Aubusson : étape dans la capitale mondiale de la tapisserie
Si Aubusson a vu filer ses habitants ces quarante dernières années (de 7 000 à 3 500), elle a su garder un centre-ville énergique autour de sa Grande Rue et de la tour de l’Horloge dominant les toits en bardeaux de châtaignier.
Depuis 2016, la Cité internationale de la tapisserie (8,5 € ; tarif réduit 6,50 €) est l’attraction majeure de la ville. Un site incontournable pour découvrir l’incroyable diversité de ce savoir-faire inscrit au patrimoine culturel immatériel de l’humanité de l’Unesco depuis 2009. Entre les murs lambrissés et bariolés de la Cité, on parcourt six siècles reliés par le fil de la tradition tapissière.

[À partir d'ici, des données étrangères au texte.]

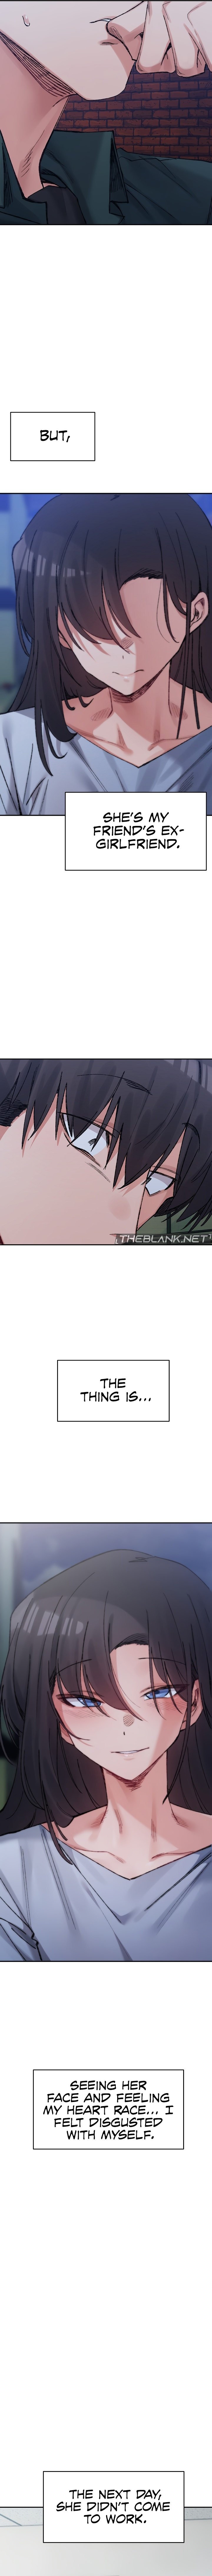 a-delicate-relationship-chap-34-3

Après une introduction pédagogique (1er étage), on entre, au rez-de-chaussée, dans la « nef des tentures » comme on entrerait en religion. S’étire ici une infime partie des collections d’Aubusson qui plonge chronologiquement dans l’histoire de la tapisserie : des « faiseurs de chairs » – lissiers spécialisés dans la carnation (superbe Portrait de Jean-Charles de Cordes) – aux « modernes » comme Jean Lurçat, Marc Saint-Saëns ou Dom Robert ; des verdures (scènes végétales, XVe siècle) aux œuvres monumentales contemporaines.
Aujourd’hui, la Cité internationale de la tapisserie, à la fois lieu d’exposition, centre de formation, de création et de documentation, tisse des liens avec des partenaires pops et prestigieux : 14 tapisseries et 2 tapis autour de l’univers de Tolkien (« Aubusson tisse Tolkien » jusqu’au 22 septembre), 4 méga-tapisseries foisonnantes de textures et de couleurs avec le studio Ghibli d’Hayao Miyazaki (une cinquième de 31 m² et une sixième dans les cartons), des collections limitées (« carré d’Aubusson »), demain une œuvre autour de George Sand.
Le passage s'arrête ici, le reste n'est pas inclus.